Saffman was the son of a lawyer and studied at Cambridge University with a bachelor's degree (1953) and a doctorate in applied mathematics (1956) with GK Batchelor . He was then a Research Fellow at Trinity College in Cambridge and from 1958 a lecturer . 1960 to 1964 he was a reader at King's College London . From 1964 he was professor of hydrodynamics at Caltech , from 1995 as Theodore von Karman professor. In 2001 he retired.

He dealt with the dynamics of eddies (vortices), flow of viscous liquids, turbulence, interaction of liquid waves. Saffman-Taylor instabilities are named after him and Geoffrey Ingram Taylor at the boundary between two liquids of different viscosity (with typical finger formation). The effect has applications in oil production. With Max Delbrück he published a theory of the diffusion of proteins in membranes.

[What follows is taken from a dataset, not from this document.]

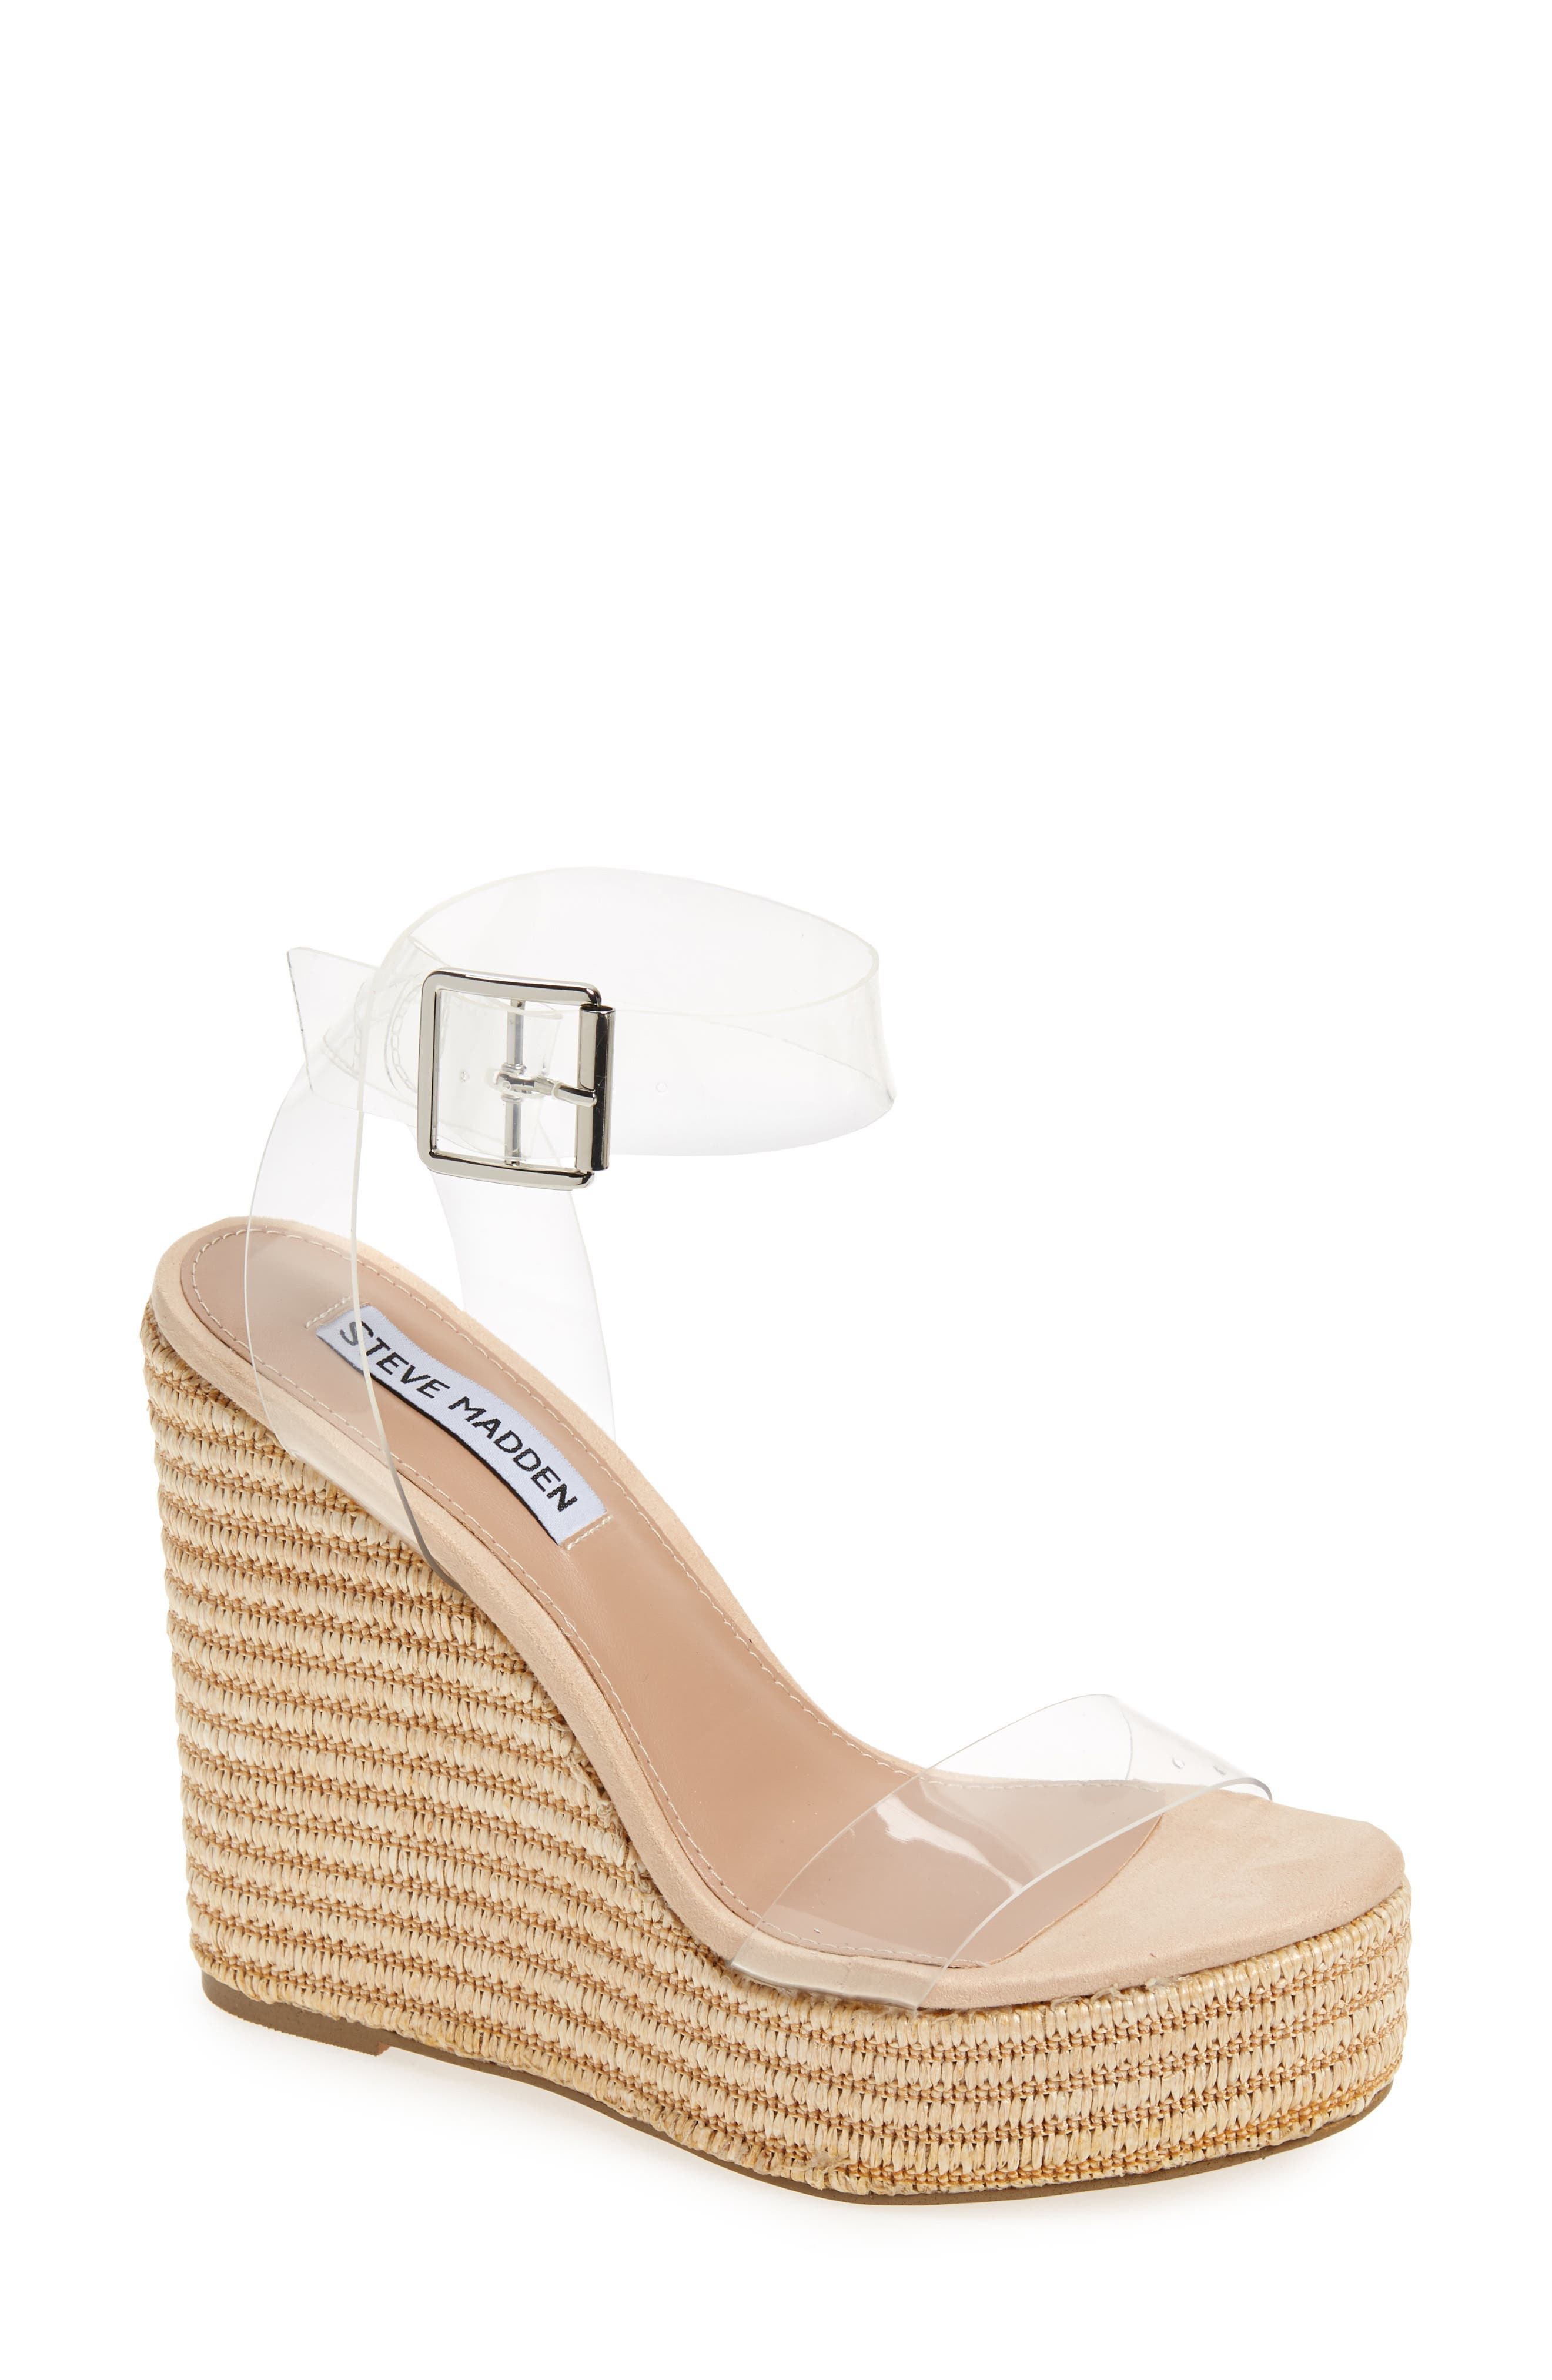 Steve Madden Maize Wedge Sandal (Women

Due to his expertise in vortices in liquids and gases, he was called in to assess various aircraft accidents, for example on Delta Air Lines flight 191 (1985) in Dallas. He calculated how long it takes for the wake vortices to dissipate during take-off and landing of passenger aircraft, applying it to safe distances for take-off and landing.

In 1970/71 he was visiting professor at the Massachusetts Institute of Technology .

In 1994 he received the Otto Laporte Prize . He was a Fellow of the American Academy of Arts and Sciences (1978) and the Royal Society (1988).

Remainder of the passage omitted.